Women walk outside Bahri Teaching Hospital after it resumed services in the Sudanese capital Khartoum on January 18, 2026. (Photo by Ebrahim Hamid / AFP)
Women walk outside Bahri Teaching Hospital after it resumed services in the Sudanese capital Khartoum on January 18, 2026. (Photo by Ebrahim Hamid / AFP)

At a freshly renovated hospital in Khartoum the medical team are beaming: nearly three years after it was wrecked and looted in the early days of Sudan's war, the facility has welcomed its first patients.

The Bahri Teaching Hospital in the capital's north was stormed by the paramilitary Rapid Support Forces in April 2023, soon after fighting broke out between the RSF and Sudan's army.

Bahri remained a war zone until an army counteroffensive pushed through Khartoum last year, recapturing the area from the RSF in March.

A man waits outside the entrance to the emergency room while others walk through Bahri Teaching Hospital after resuming services in Khartoum, January 18, 2026 (AFP)

"We never thought the hospital would reopen," said Dr Ali Mohamed Ali, delighted to be back in his old surgical ward.

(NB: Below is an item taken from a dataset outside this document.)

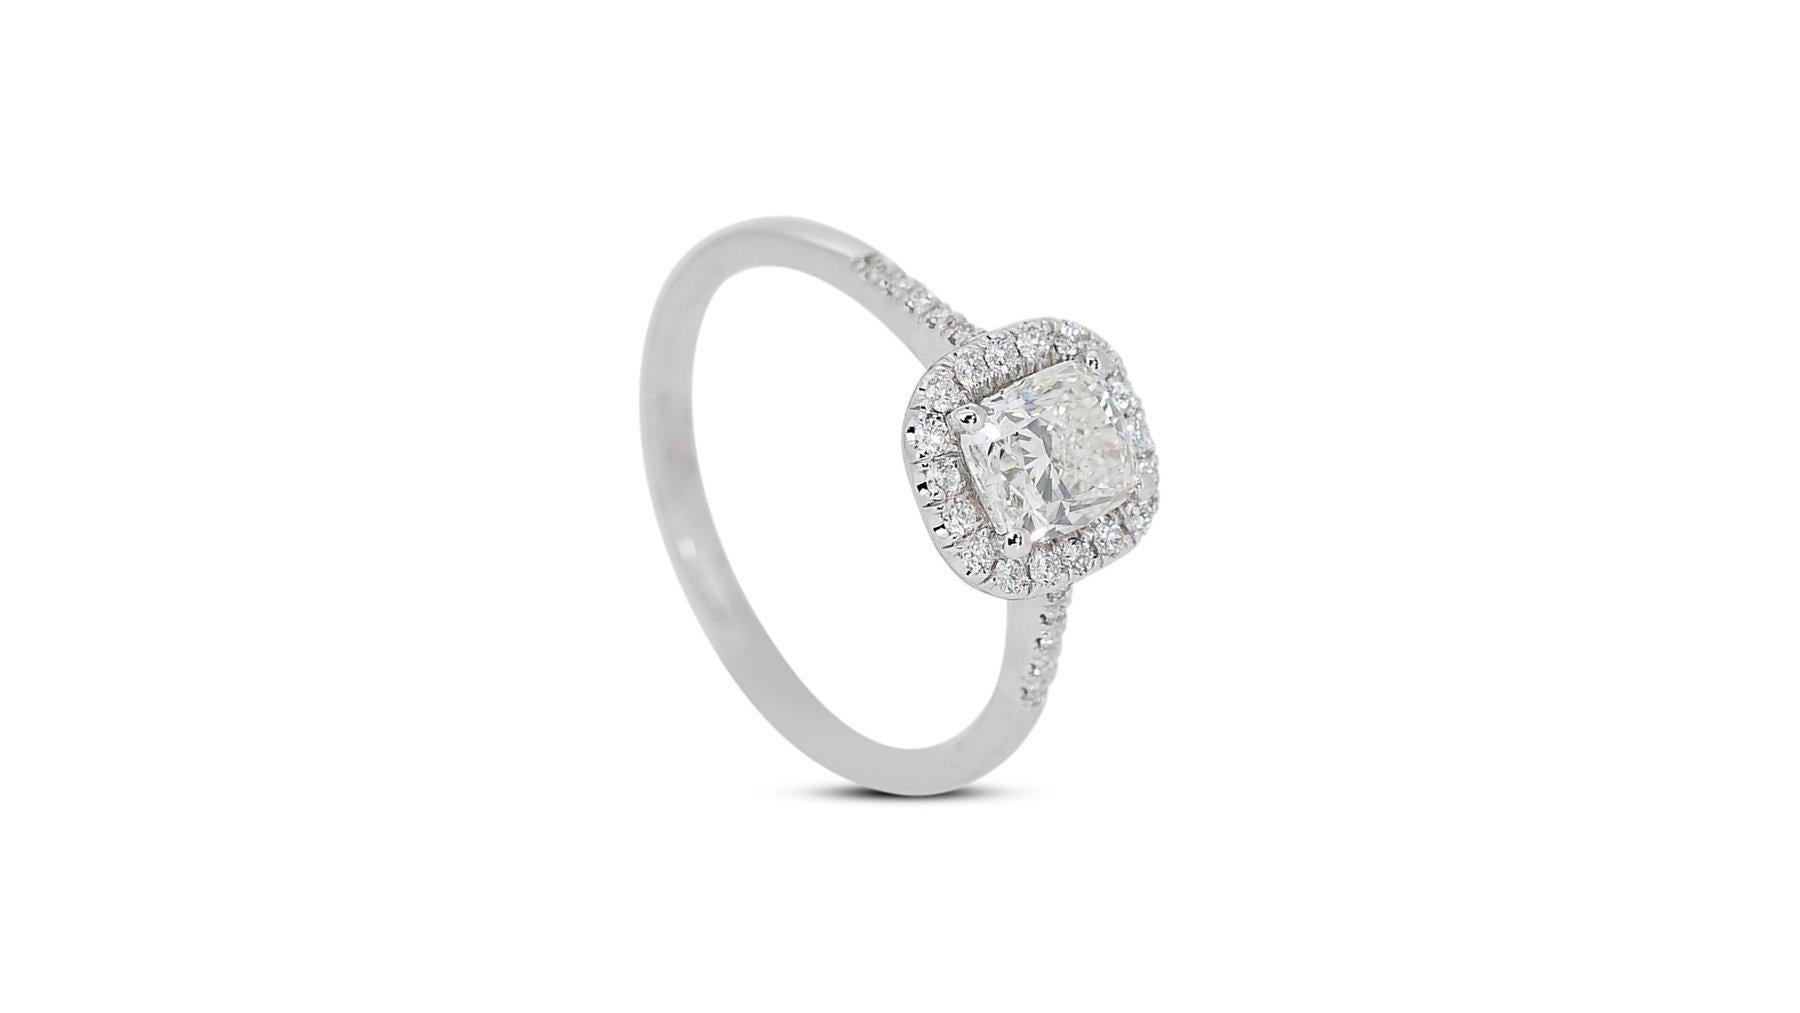 Luxurious 1.71ct Diamond Halo Ring in 18k White Gold - GIA Certified For Sale 2

"It was completely destroyed, there was nothing left," he told AFP. "We had to start from scratch."

Ali fled north from Khartoum in the early days of the war, working in a makeshift medical camp with "no gloves, no instruments and no disinfectant".

According to the World Health Organization, the conflict has forced the shutdown of more than two-thirds of Sudan's health facilities and caused a world record number of deaths from attacks on healthcare infrastructure.

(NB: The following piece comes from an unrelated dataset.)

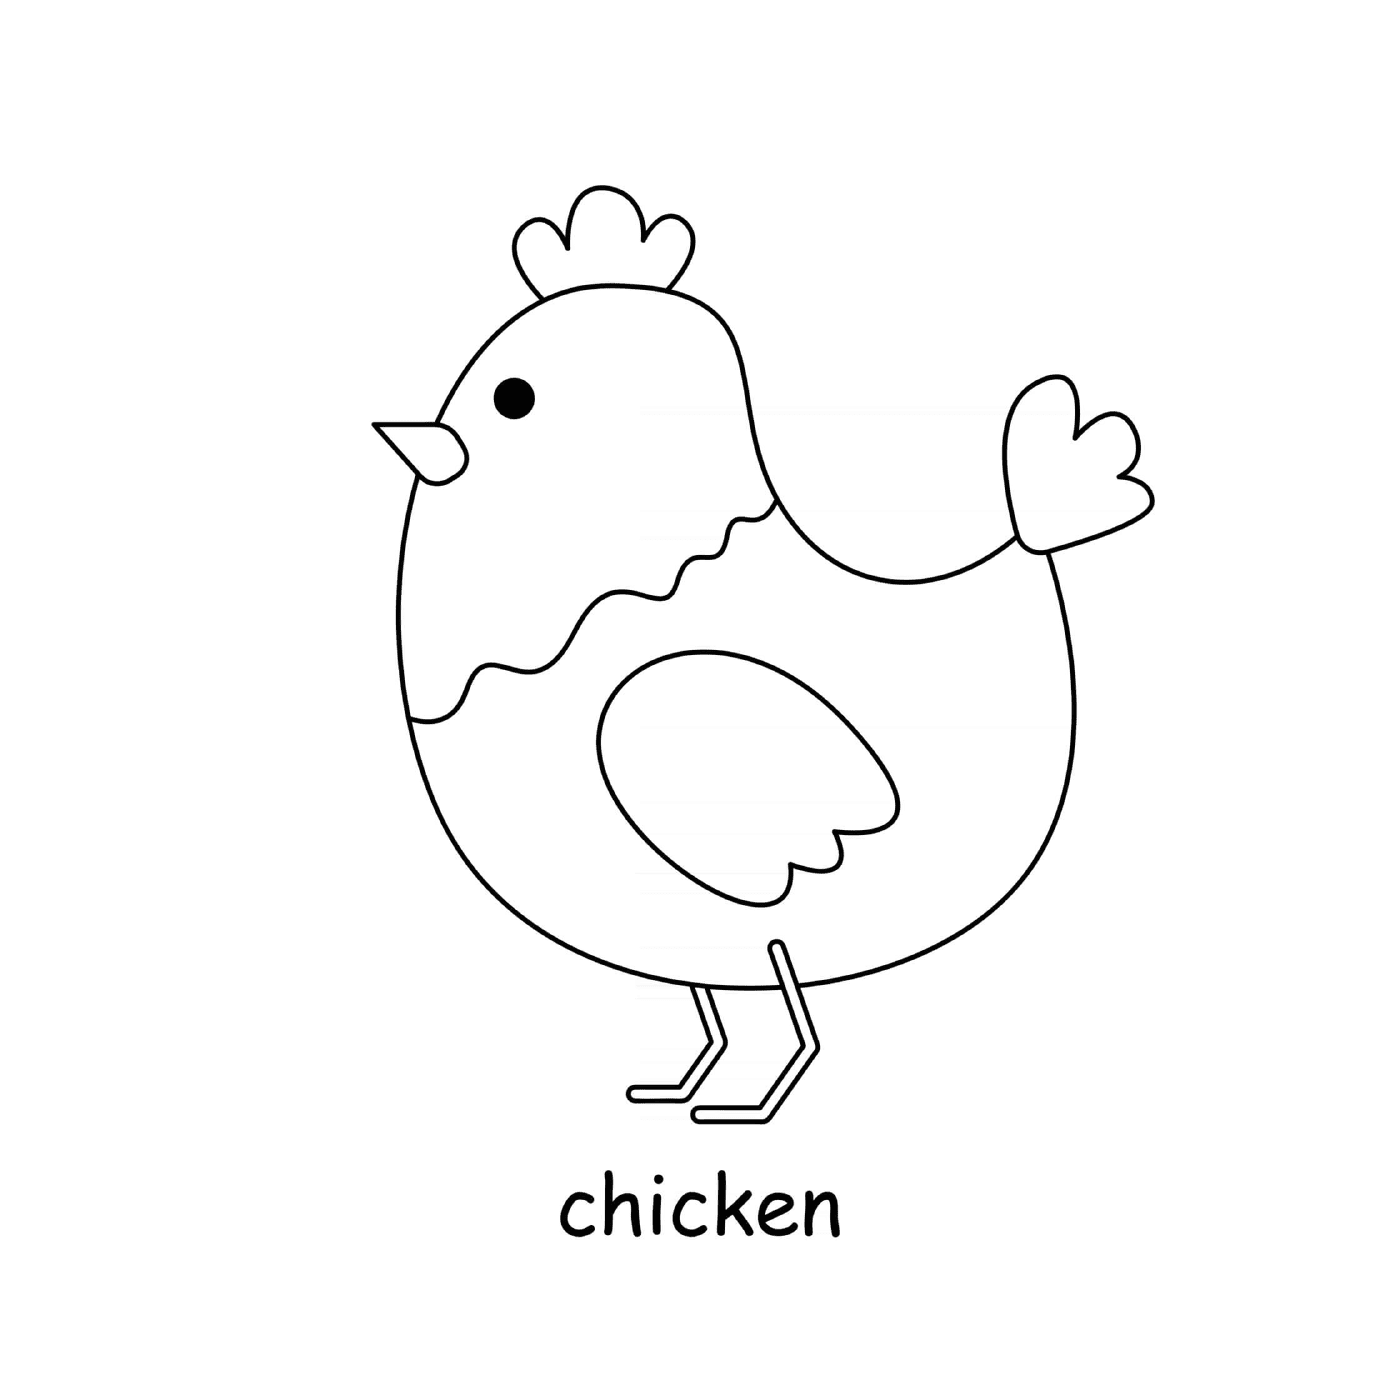  Animal chicken from the farm

Tens of thousands of people have been killed across Sudan since the war began, while 11 million have been left displaced, triggering the world's largest hunger crisis.

But with the RSF now driven out of Khartoum, Sudan's army-backed government is gradually returning and the devastated city is starting to rebuild.

Around 40 of Khartoum's 120 hospitals, shut during the war, have resumed operations, according to the Sudan Doctors' Network, a local medical group.

People enter Bahri Teaching Hospital after resuming services in the Sudanese capital, January 18, 2026 (AFP)

- 'In ruins' -

The Bahri Teaching Hospital, which before the conflict treated around 800 patients a day in its emergency department, was repeatedly attacked and looted.

"All the equipment was stolen," said director Galal Mostafa, adding that about 70 percent of its buildings were damaged and the power system was destroyed.

"We were fortunate to receive two transformers just days ago," said Salah al-Haj, the hospital's chief executive.

During the first five days of fighting, Al-Haj -- an affable man with a sharp grey moustache -- was trapped inside one wing of the hospital.

"We couldn't leave because of the heavy gunfire," he told AFP, saying that anyone "who stepped outside risked being detained and beaten" by the RSF.

Patients were rushed to safety in dangerous transfers to hospitals away from the fighting across the Nile.

"Vehicles had to take very complicated routes to evacuate patients safely, avoiding shells and bullets," Al-Haj said.

On April 15, 2023, as the first shots rang out in the capital, RSF fighters seized Ali on his way into surgery.

They held him for two weeks at Soba, an RSF-run detention center in southern Khartoum whose former inmates have shared testimony of torture and inhumane conditions.

"When I was released, the country was in ruins," he said.

Hospitals were "destroyed, streets devastated and homes looted. There was nothing left."

Almost three years on, taxis now drop patients at the hospital's entrance, while new ambulances sit parked in a courtyard that until recently was strewn with rubble and overgrown weeds.

Inside, refurbished corridors smell of fresh paint.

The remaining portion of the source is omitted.